Sukses

Ternyata Ini Tujuan OJK Wajibkan Pinjol Setor Modal Rp 25 Miliar

Ternyata dari 102 penyelenggara pinjaman online (pinjol) terdaftar, sebanyak 61 masih mengalami kerugian.

Liputan6.com, Bogor - Otoritas Jasa Keuangan (OJK) melalui POJK 10/2022 tentang Pendanaan Bersama Berbasis Teknologi Informasi, menetapkan penyelenggara pinjaman online alias pinjol (fintech peer to peer lending) harus menyetorkan modal sebesar minimal Rp 25 miliar.

“Dalam tiga tahun ke depan, semua P2P Lending minimal ekuitasnya Rp 25 miliar,” jelas Kepala Eksekutif Pengawas Industri Keuangan Non Bank (IKNB) OJK Ogi Prastomiyono dalam acara di Bogor, Jumat (3/12/2022).

Dia mengatakan jika penetapan modal ini merupakan salah satu upaya pembenahan OJK terhadap keberadaan P2P lending.  "Aturan ini sangat ketat. Kita lihat mana yang survive dan mana yang tidak," katanya.

Awalnya, dikatakan Ogi, modal yang harus dimiliki pinjol hanya sebesar Rp 2,5 miliar. Ternyata besaran ini masih mampu dipenuhi penyelenggara pinjol sehingga jumlah P2P ini terus tumbuh.

Hingga akhirnya diputuskan modal yang harus disetor sebesar Rp 25 miliar. Ini pun bisa menjadi syarat bila nanti OJK membuka aturan moratorium yang sudah berlaku sejak 2020 lalu.

"Kalau kita buka moratorium, minimal modal disetor Rp 25 miliar. Ini adalah proses kompetisi secara alamiah, apakah dari 102 akan bertahan semua atau ada yang tidak memenuhi. Moratorium kapan dibuka, masih kita lihat lagi," tegas dia.

Sesuai POJK, Penyelenggara LPPBTI harus didirikan dalam bentuk badan hukum perseroan terbatas dengan modal disetor pada saat pendirian paling sedikit Rp 25 miliar. Selain itu, penyelenggara pinjol juga diwajibkan memiliki ekuitas paling sedikit Rp 12,5 miliar.

2 dari 2 halaman

Masih Rugi

Pada kesempatan ini, Ogi mengungkapkan dari 102 penyelenggara pinjaman online (pinjol) terdaftar, sebanyak 61 masih mengalami kerugian. Selain itu, 3 pinjol masih mencatatkan ekuitas yang negatif. 

"Profitabilitas P2P lending masih berada dalam zona negatif yang cukup dalam. Beberapa perusahaan di Fintech P2P juga memiliki beban operasional yang cukup tinggi dan bahkan berada di atas level 100 persen," kata dia.
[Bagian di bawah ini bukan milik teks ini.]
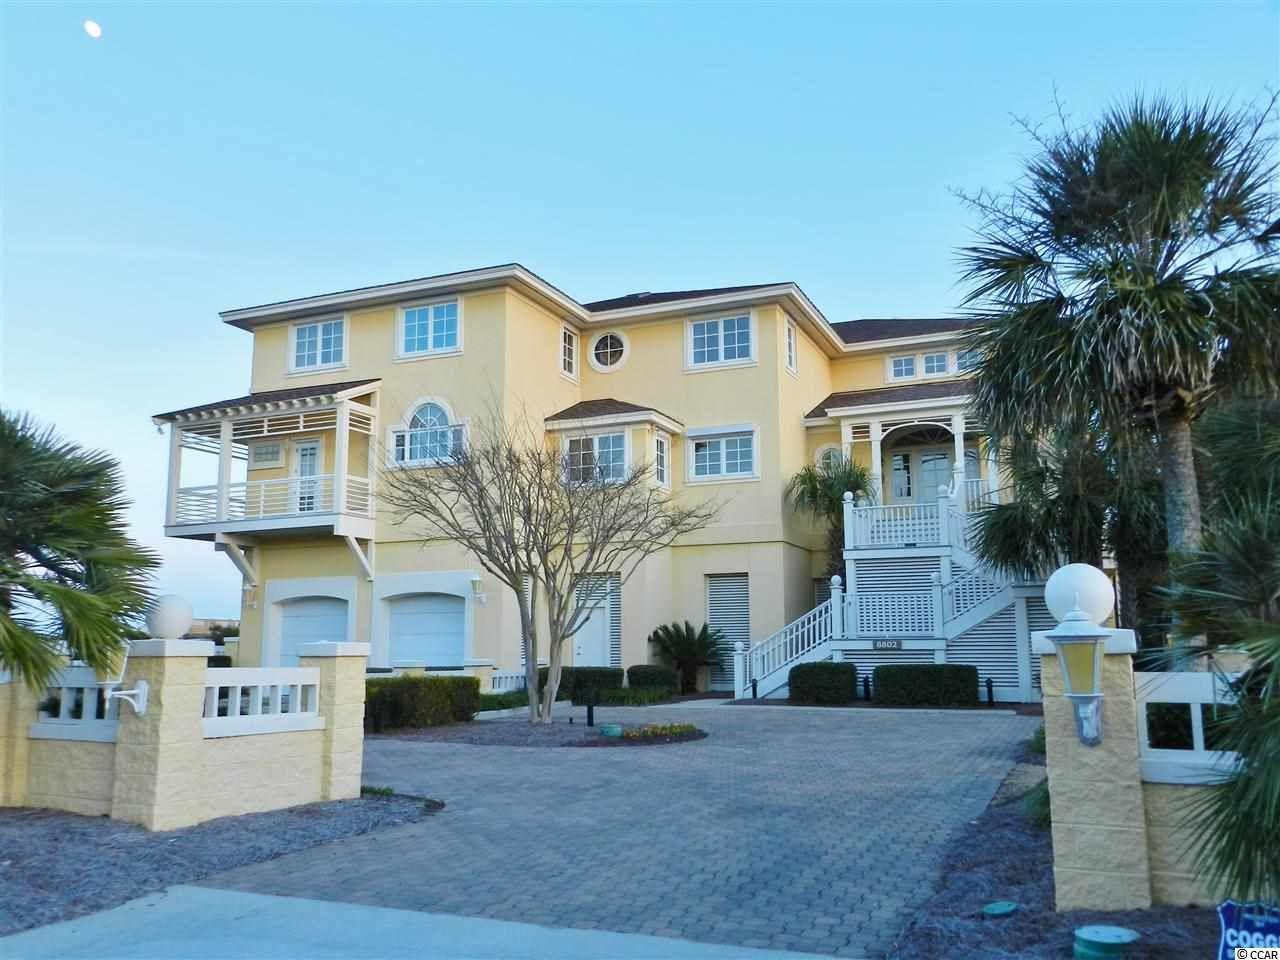 8802 N Ocean Blvd Myrtle Beach Sc 29572 Mls 1312637 Is For Sale Ace Realty Myrtle Beach Real Estate Myrtle Beach Condos Condos For Sale
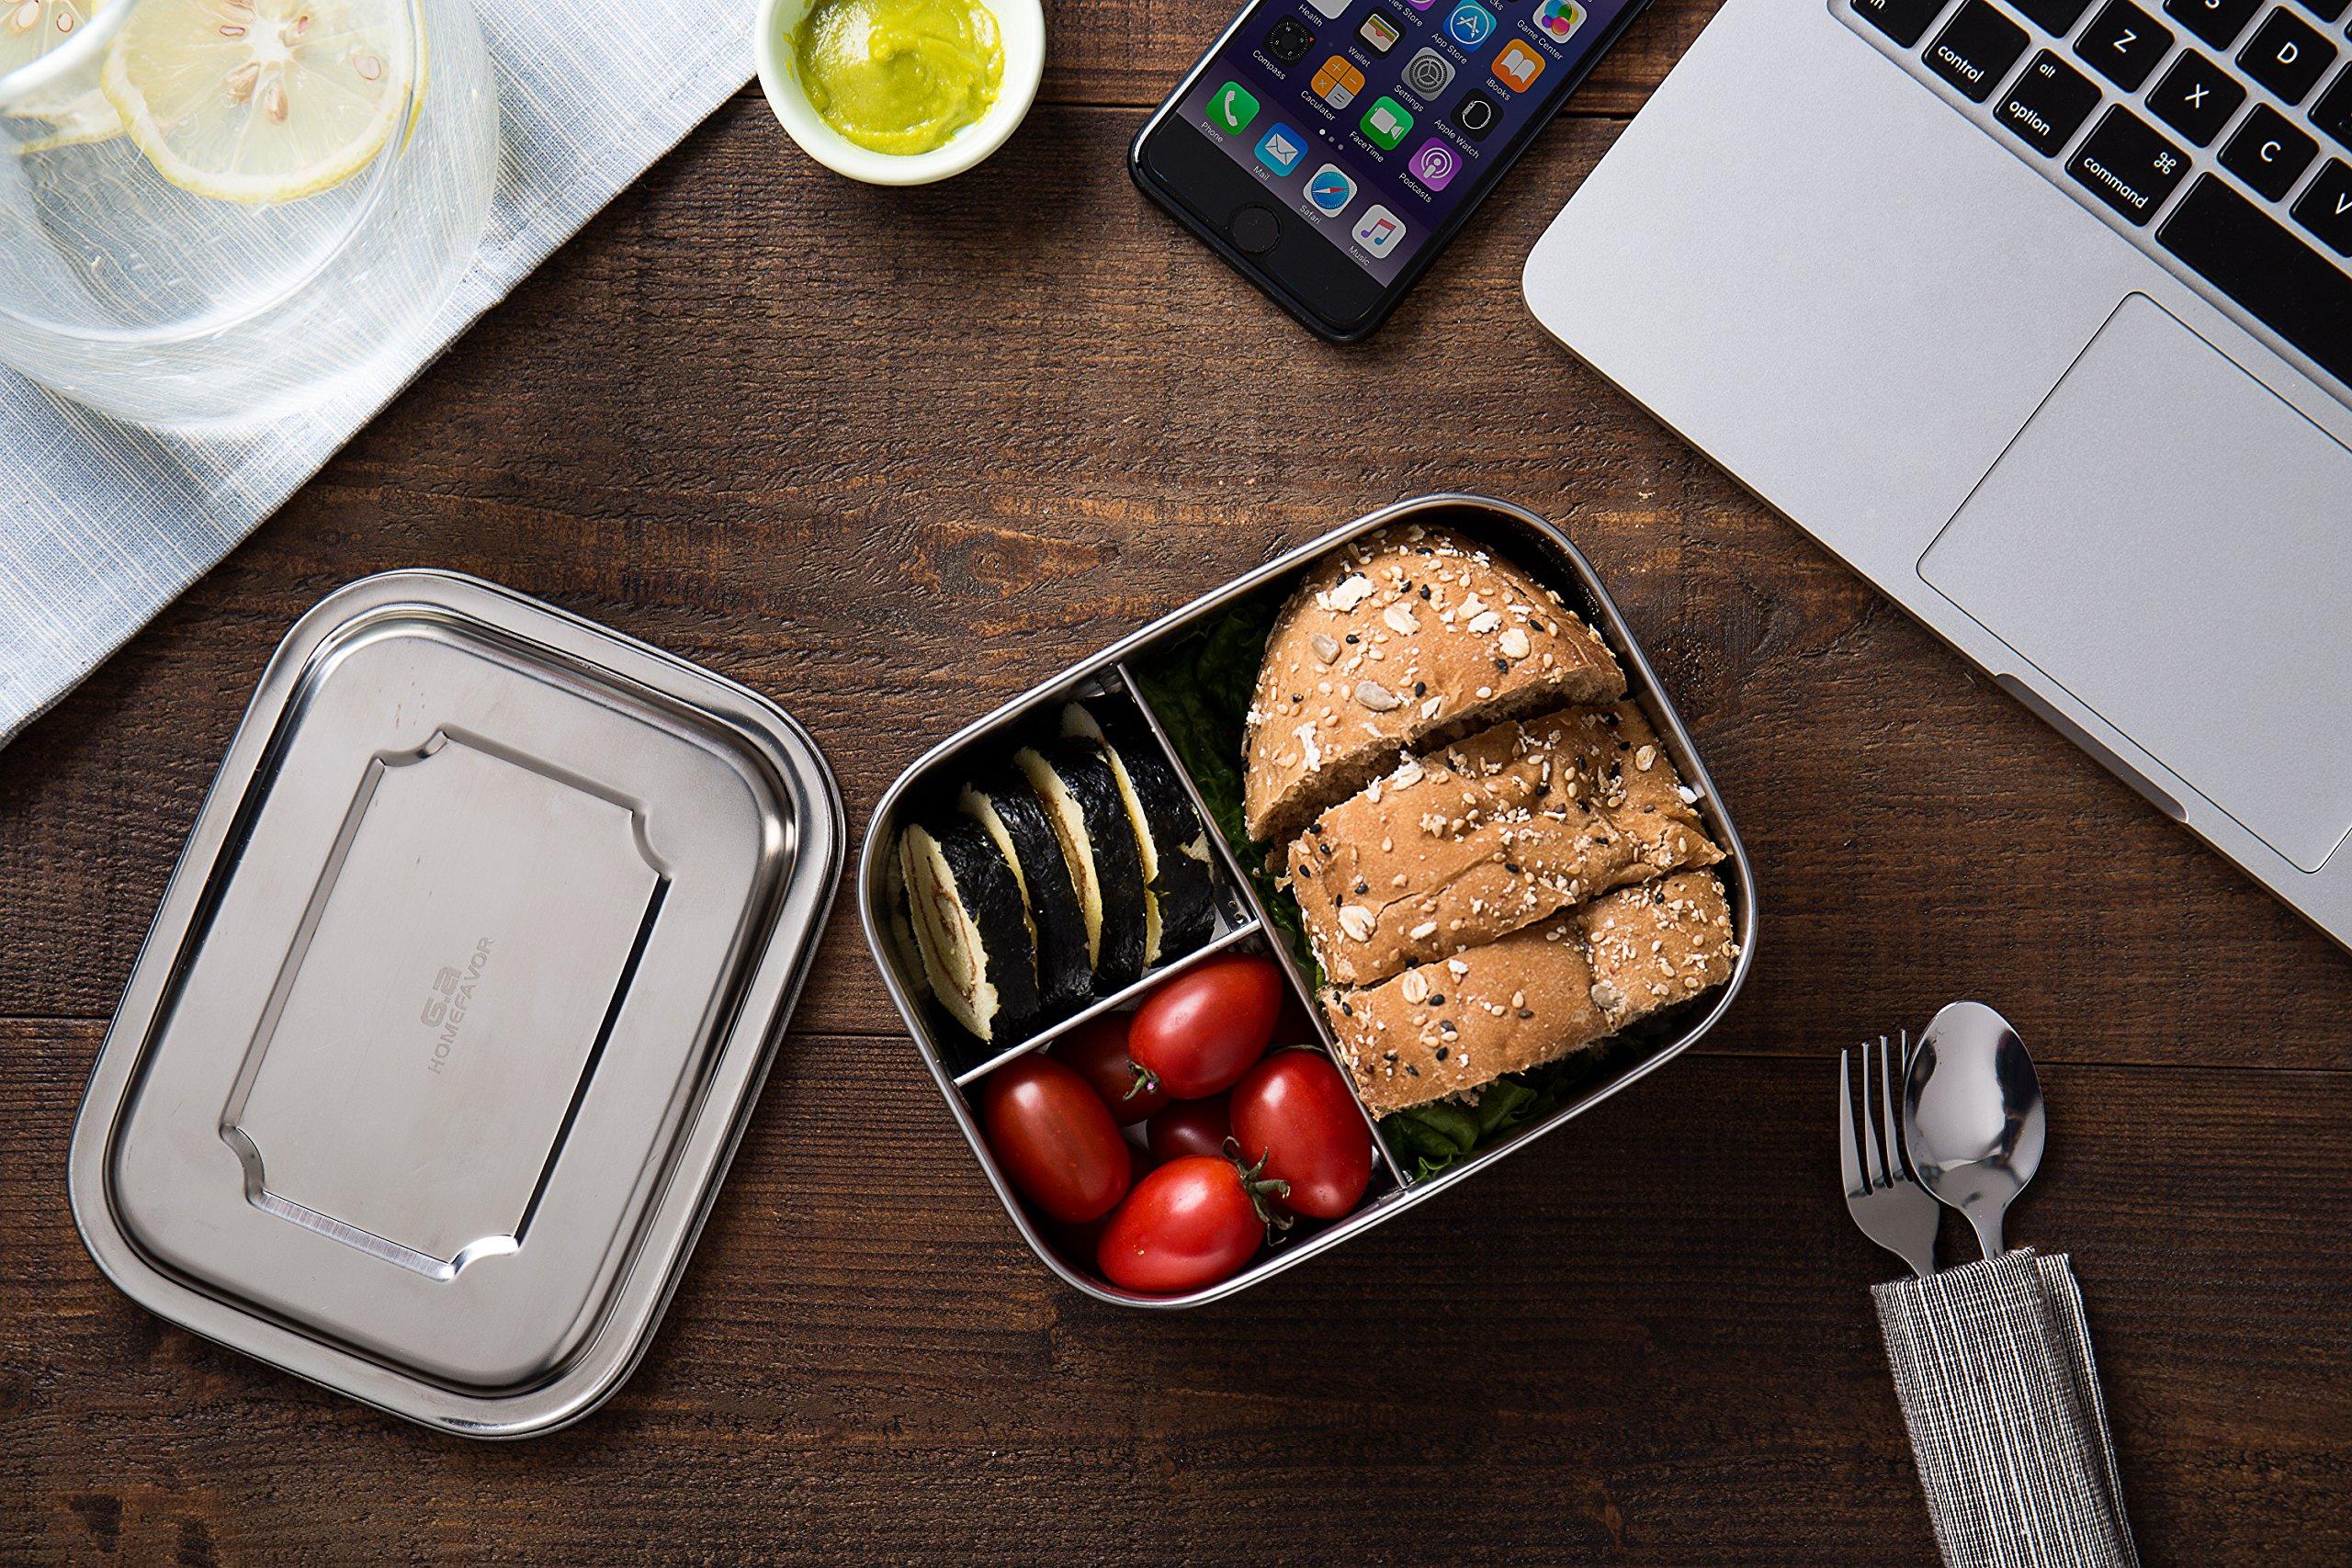 pranzo in realtà dating app Velocità datazione Vlaams Brabant

Memang diakui bila bisnis model pinjol akan lebih dulu merugi pada 2 tahun pertama. Di sini, angka modal Rp 25 miliar bisa membantu kerugian tersebut. "Maka kita alokasikan 50 persen untuk menyerap tahun pertama," ungkapnya.

Diakui bila sejatinya, industri pinjol mempunyai potensi yang besar untuk tumbuh. Berdasarkan pantauan di lapangan itu karena masih banyak masyarakat yang belum terlayani lembaga jasa keuangan (LJK) yang sudah ada seperti perbankan. Sehingga  pinjol masuk dan menjadi pilihan masyarakat.

Dia berharap dengan pengaturan keberadaan pinjol ini tidak sesaat. "Bukan hanya euforia yang muncul, kemudian tiba-tiba hilang begitu saja," jelas dia.